Ingredients
Scale
- 4 boneless, skinless chicken breasts
- 2 ripe avocados (halved and pitted)
- 1/4 cup olive oil
- 2 tablespoons lime juice (freshly squeezed)
- 2 cloves garlic (minced)
- 1 teaspoon cumin
- 1 teaspoon paprika
- Salt and pepper (to taste)
- 1/4 cup fresh cilantro (chopped, for garnish)
- 1/2 cup cherry tomatoes (halved, for topping)
- 1/4 cup red onion (finely chopped, for topping)
Instructions
Step 1: Marinate the Chicken
- In a bowl, whisk together olive oil, lime juice, minced garlic, cumin, paprika, salt, and pepper.
- Place the chicken breasts in a resealable plastic bag or shallow dish. Pour the marinade over the chicken, ensuring it’s well coated. Marinate for at least 30 minutes (or up to 2 hours in the refrigerator).
Step 2: Preheat the Grill
- Preheat your grill to medium-high heat (about 375°F–400°F).
Step 3: Grill the Chicken
- Remove the chicken from the marinade and discard the marinade. Grill the chicken for 6–7 minutes on each side or until fully cooked (internal temperature should reach 165°F).
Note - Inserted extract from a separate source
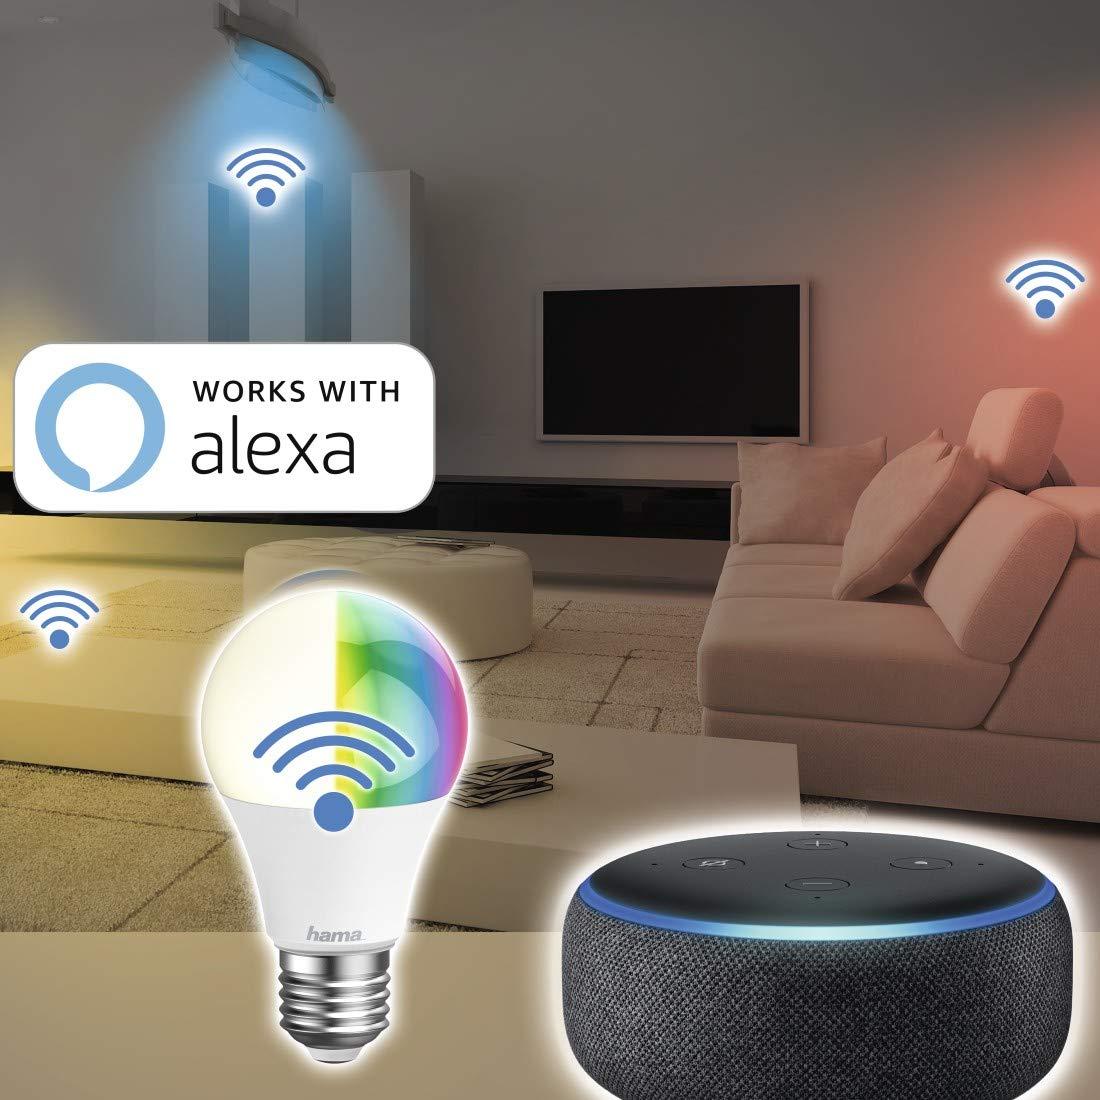 WLAN Lampe Hama E27 Wi-Fi LED-Lampe dimmbar 10 Watt ohne Hub RGB Farbwechsel steuerbar via Alexa//Google Home//App//IFTTT warmwei/ß Echo Dot//Echo Spot//Echo Plus//Echo Show kompatibel 2,4GHz 2700K

Step 4: Grill the Avocados
- During the last few minutes of grilling the chicken, place the avocado halves cut-side down on the grill. Grill for about 2–3 minutes until grill marks appear.
Step 5: Assemble the Dish
- Place the grilled chicken on a serving platter. Top each piece with grilled avocado halves, cherry tomatoes, red onion, and chopped cilantro.